**YOUR OBJECTIVE**
Exact copies of the lines below are the goal; any images in them are dropped.

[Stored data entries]
______

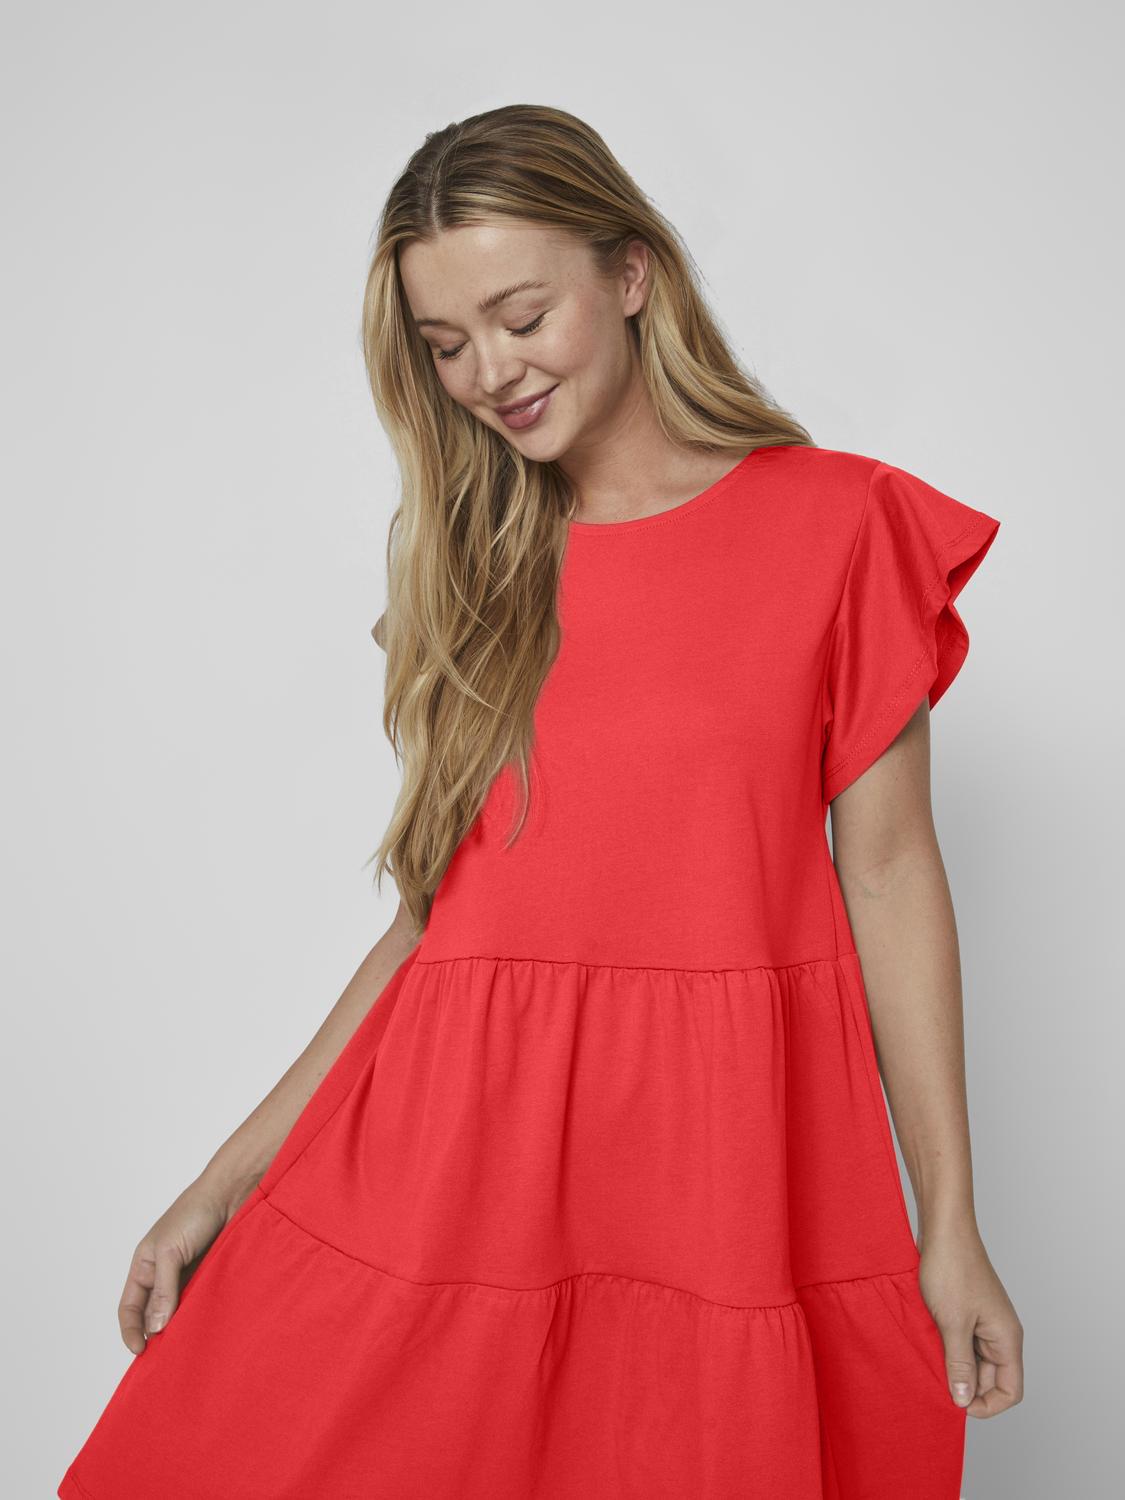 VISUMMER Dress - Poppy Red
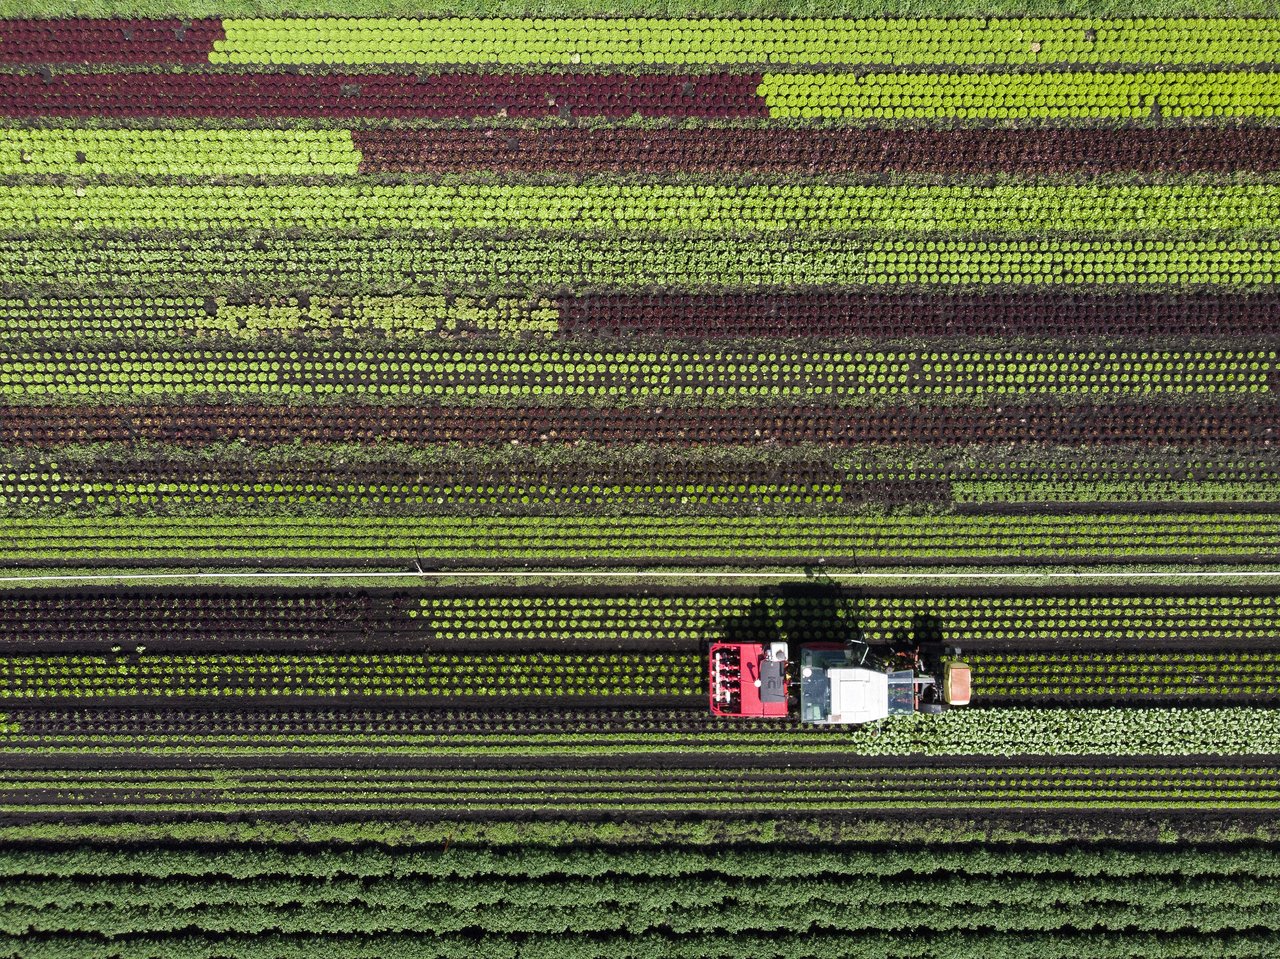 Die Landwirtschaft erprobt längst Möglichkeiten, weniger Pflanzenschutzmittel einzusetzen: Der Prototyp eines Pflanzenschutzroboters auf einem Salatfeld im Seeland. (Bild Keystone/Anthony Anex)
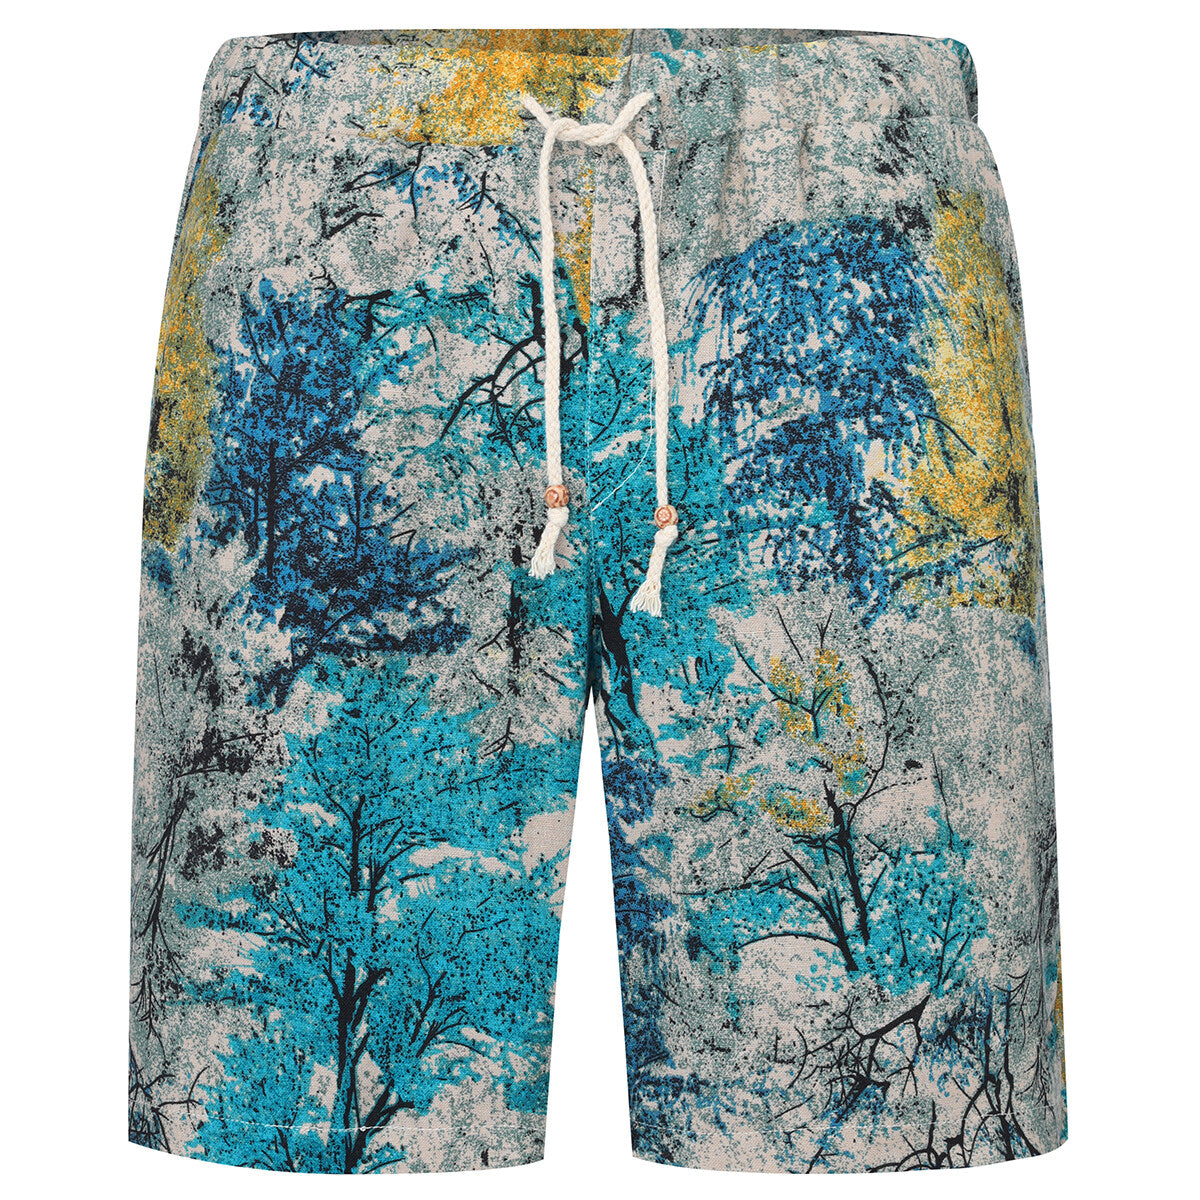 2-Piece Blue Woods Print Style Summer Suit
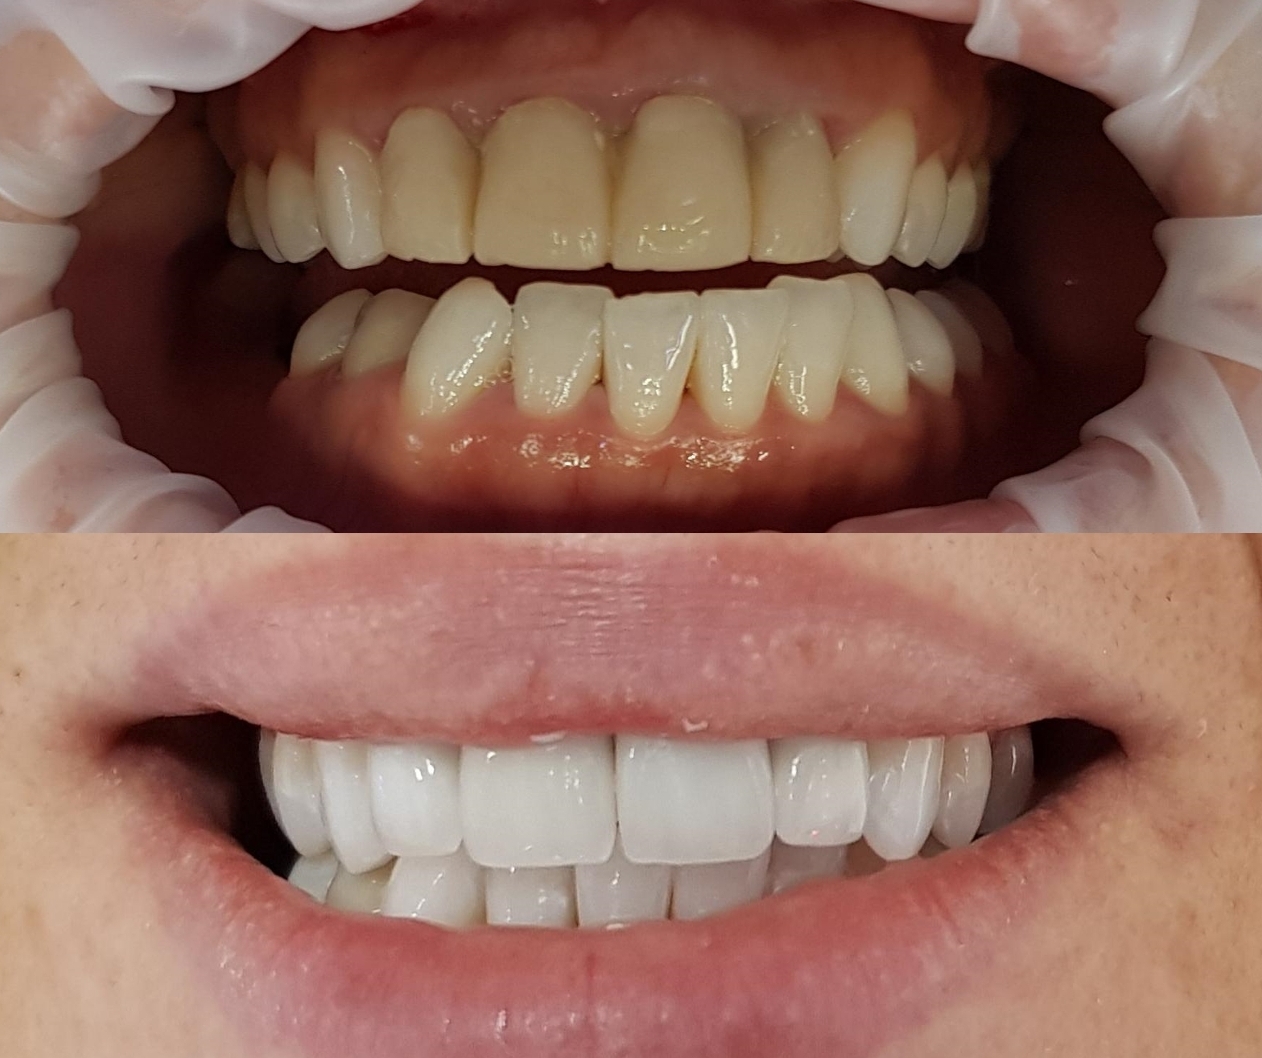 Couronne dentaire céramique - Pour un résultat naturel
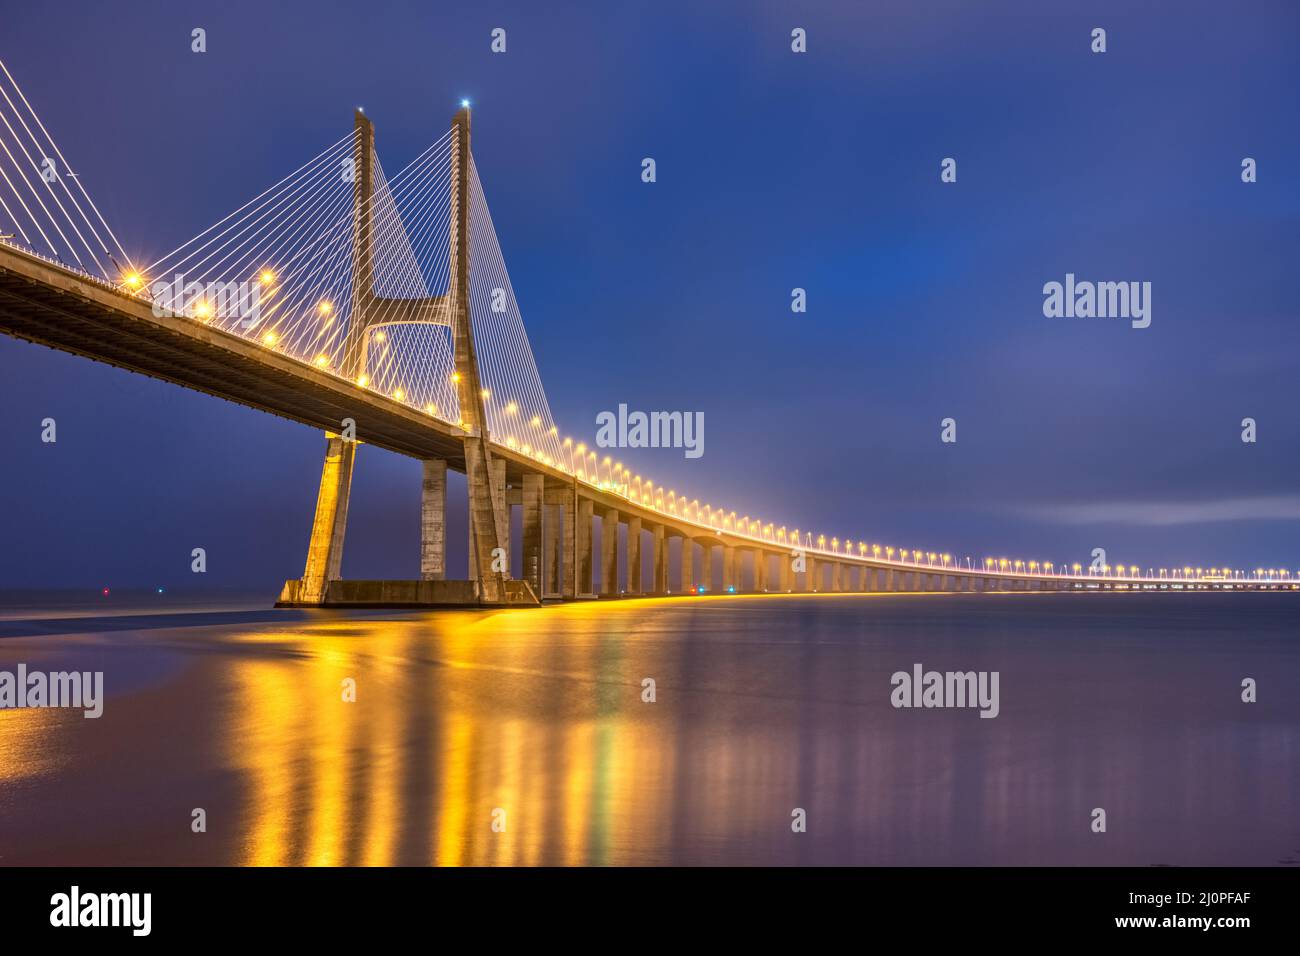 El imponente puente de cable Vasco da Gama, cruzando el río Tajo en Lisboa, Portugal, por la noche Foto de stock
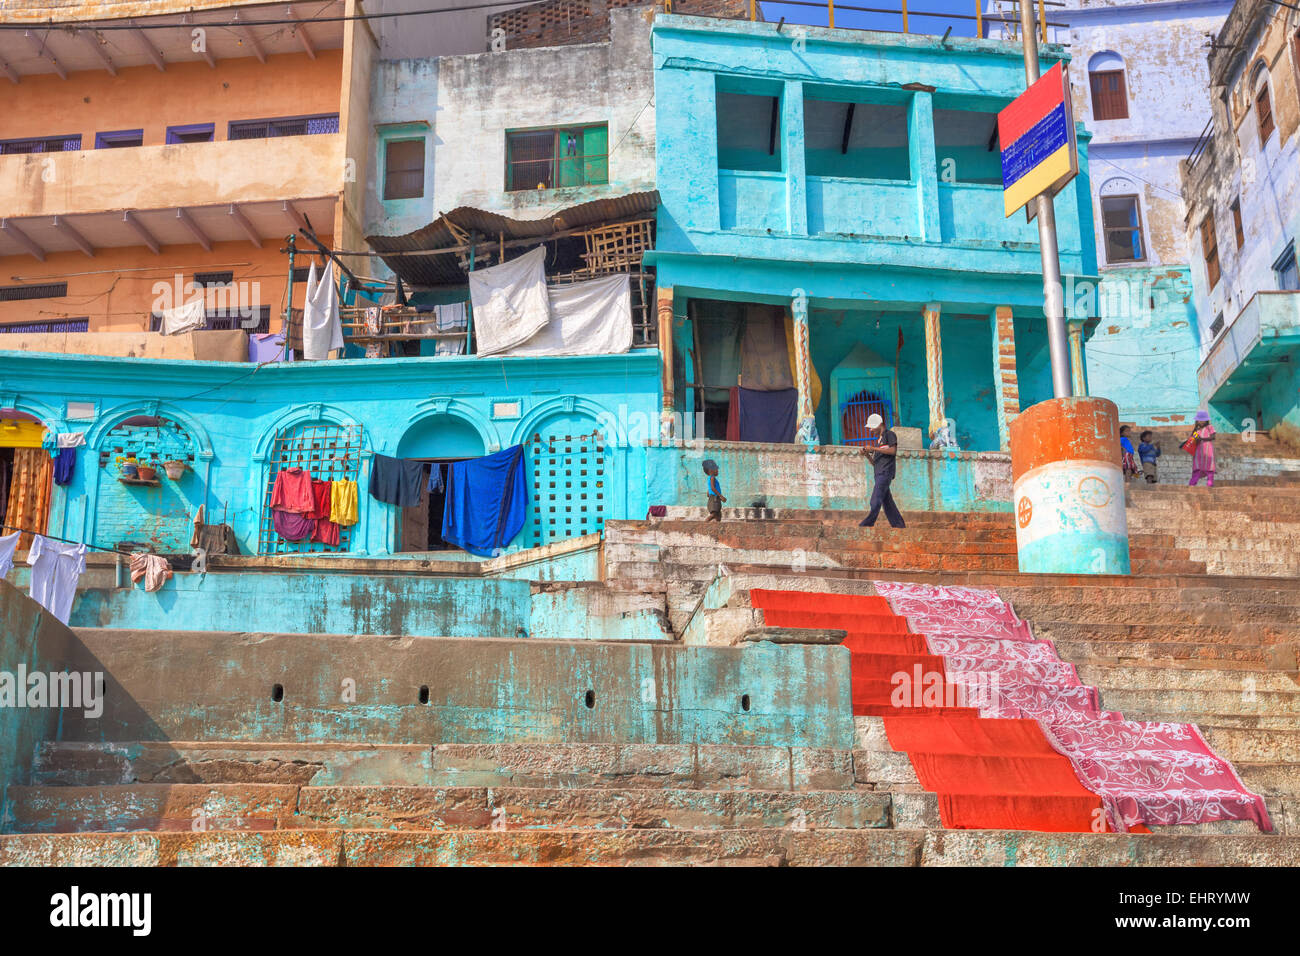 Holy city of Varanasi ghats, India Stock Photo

______

**ANSWER TO THIS TASK**
 VISUMMER Dress - Poppy Red
 Die Landwirtschaft erprobt längst Möglichkeiten, weniger Pflanzenschutzmittel einzusetzen: Der Prototyp eines Pflanzenschutzroboters auf einem Salatfeld im Seeland. (Bild Keystone/Anthony Anex)
 2-Piece Blue Woods Print Style Summer Suit
 Couronne dentaire céramique - Pour un résultat naturel
 El imponente puente de cable Vasco da Gama, cruzando el río Tajo en Lisboa, Portugal, por la noche Foto de stock
 Holy city of Varanasi ghats, India Stock Photo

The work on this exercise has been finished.